## Dataset
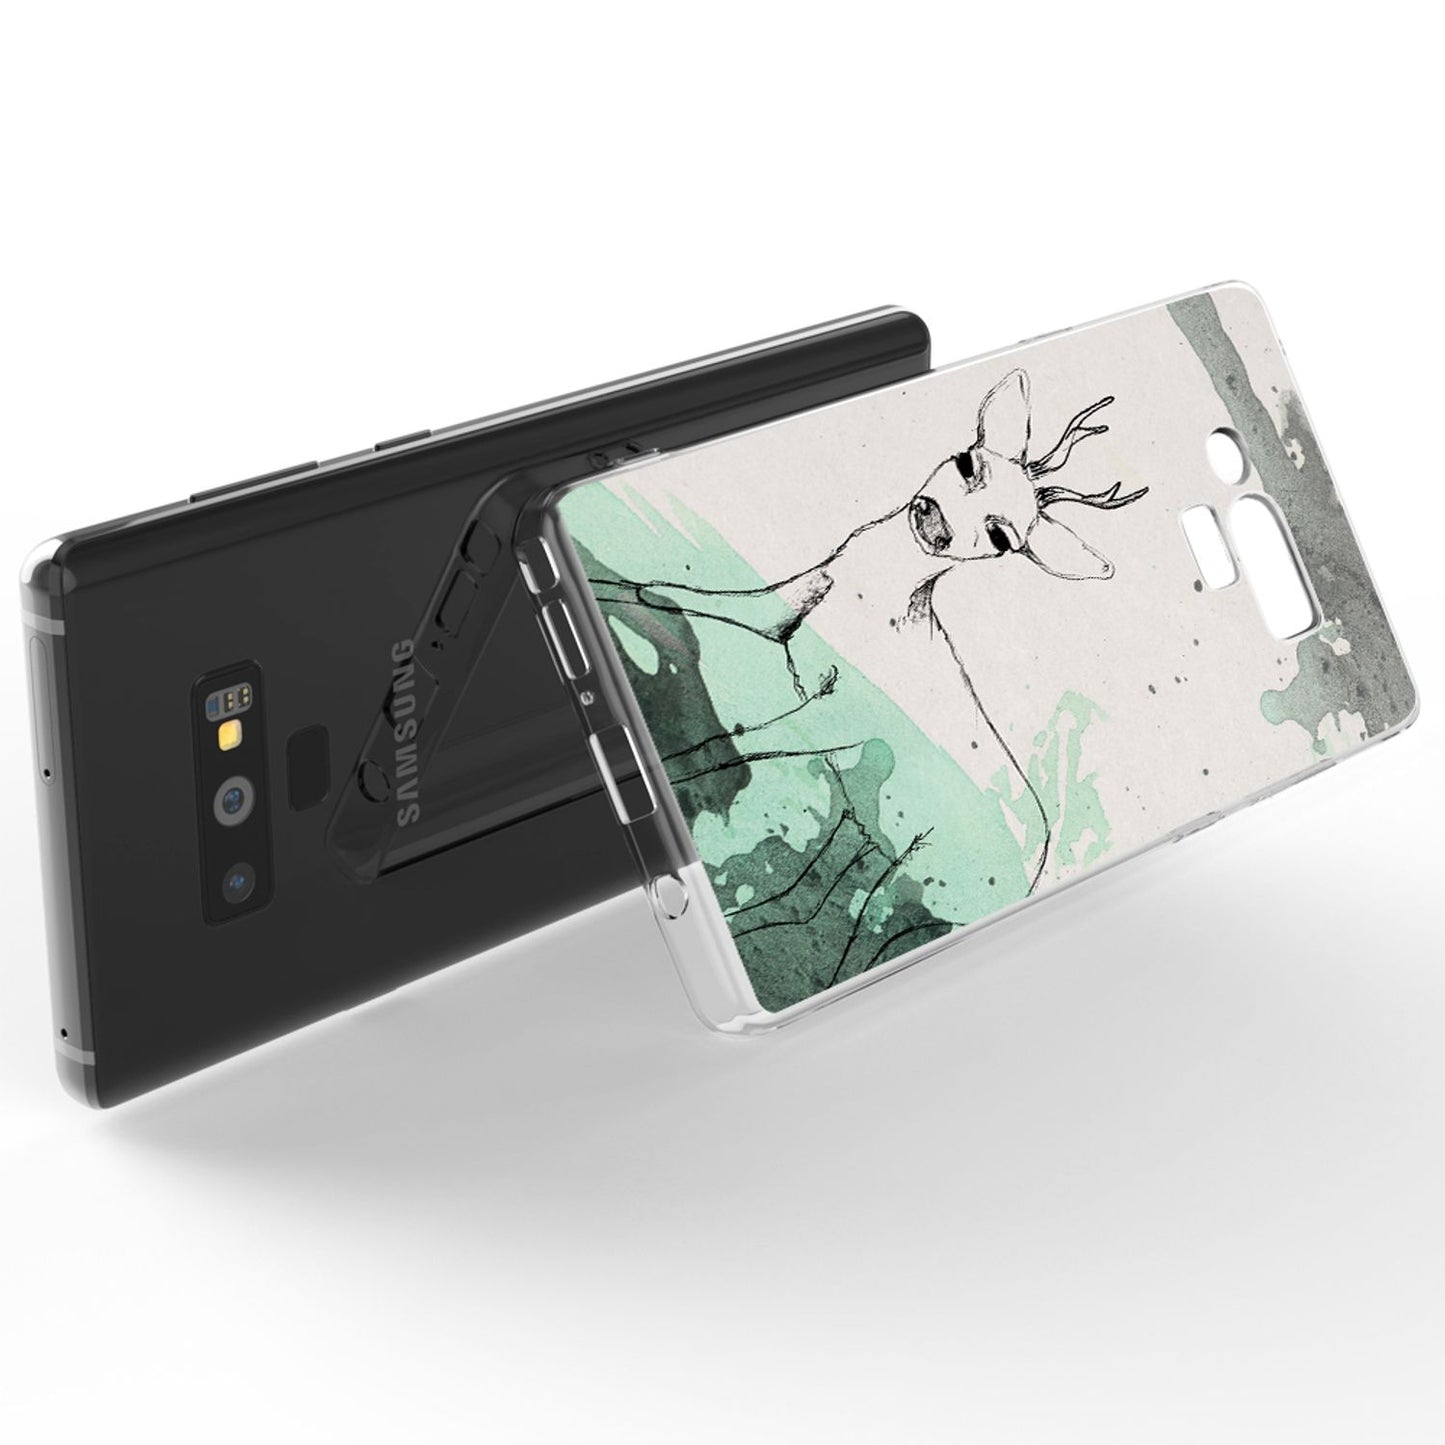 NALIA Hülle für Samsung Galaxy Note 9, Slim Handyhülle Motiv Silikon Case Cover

--

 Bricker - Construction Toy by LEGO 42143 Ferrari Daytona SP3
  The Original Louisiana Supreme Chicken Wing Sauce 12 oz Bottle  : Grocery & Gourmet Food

## Exercise description
Retype the records above, but only those lines that fall between the line containing "Bricker - Construction" and the line containing "The Original Louisiana", with both of those lines included, exactly as written.

## Output
 Bricker - Construction Toy by LEGO 42143 Ferrari Daytona SP3
  The Original Louisiana Supreme Chicken Wing Sauce 12 oz Bottle  : Grocery & Gourmet Food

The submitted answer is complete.